### Recorded data:

• • •

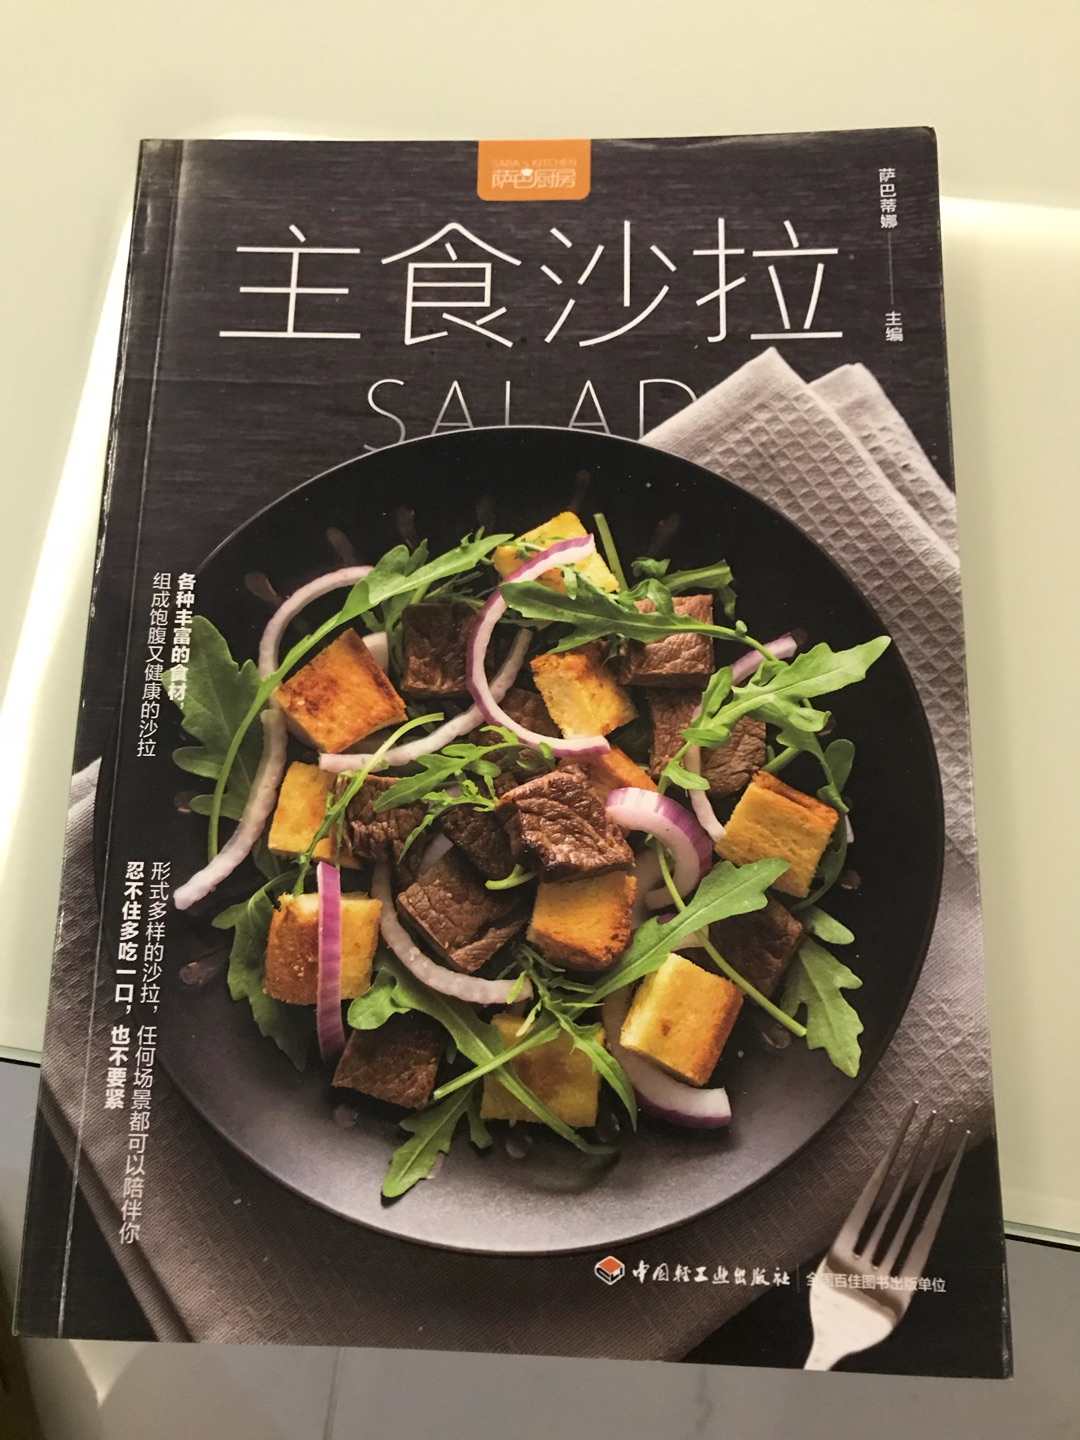 书的质量非常好，印刷精美，里头有很多种沙拉的做法，喜欢吃沙拉的朋友推荐购买此书。
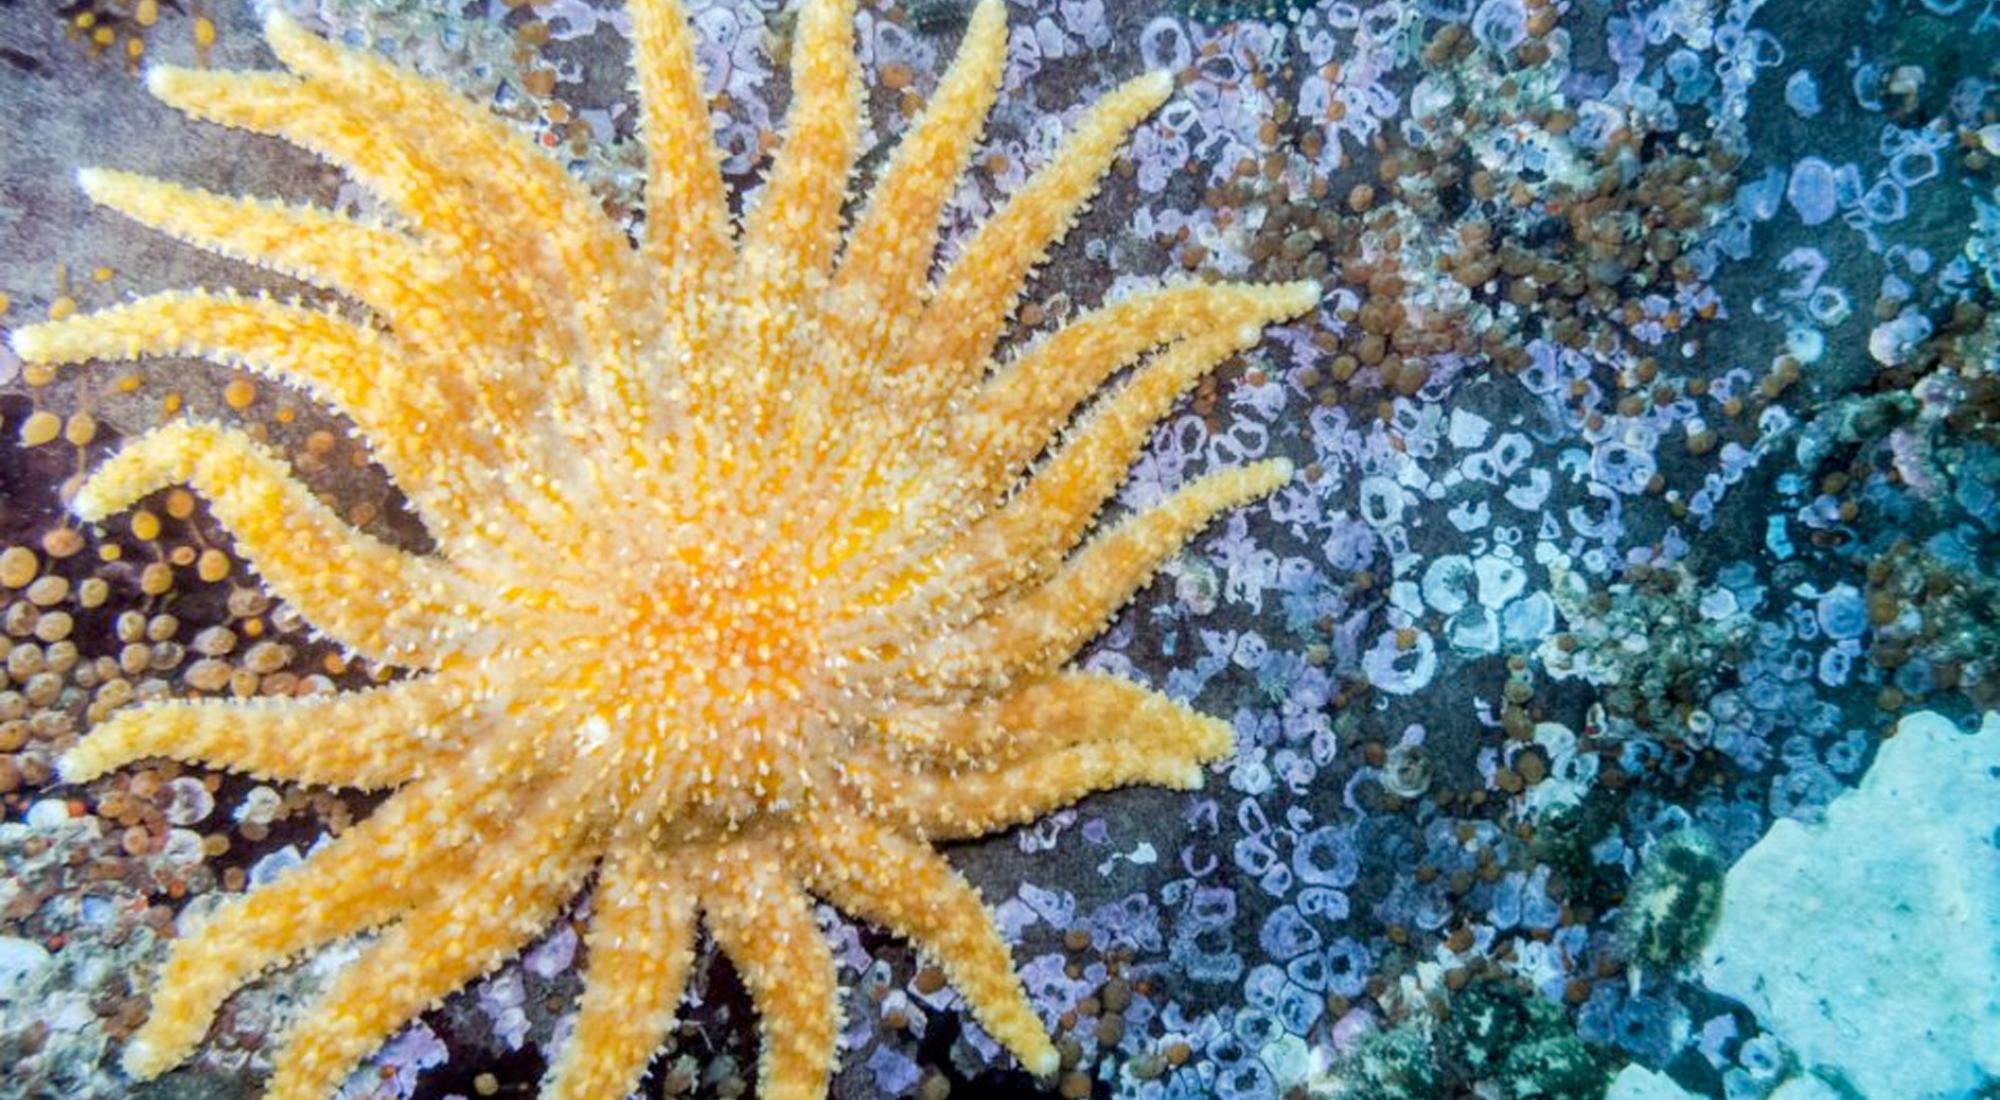 Sunflower Sea Star, Online Learning Center
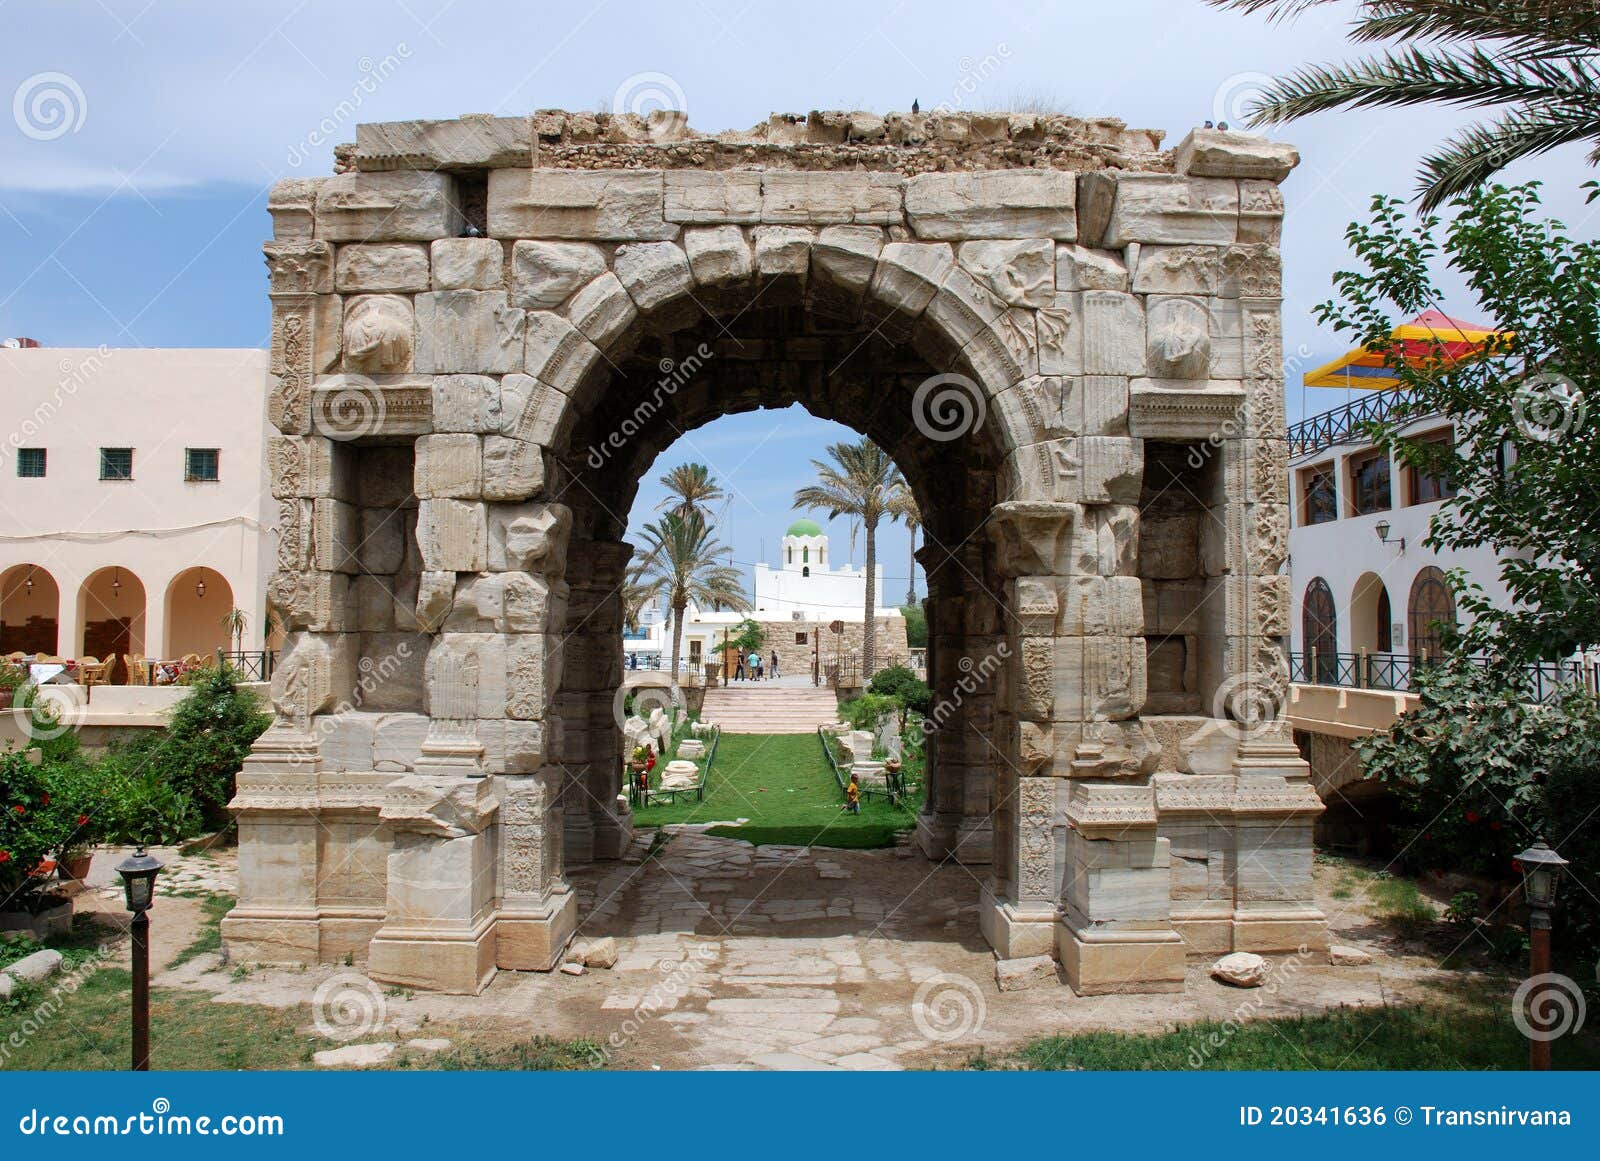 triumphal arch of marcus aurelius in tripoli

• • •

### Task details:
Output the data verbatim, images excluded.

### Answer below:
 书的质量非常好，印刷精美，里头有很多种沙拉的做法，喜欢吃沙拉的朋友推荐购买此书。
 Sunflower Sea Star, Online Learning Center
 triumphal arch of marcus aurelius in tripoli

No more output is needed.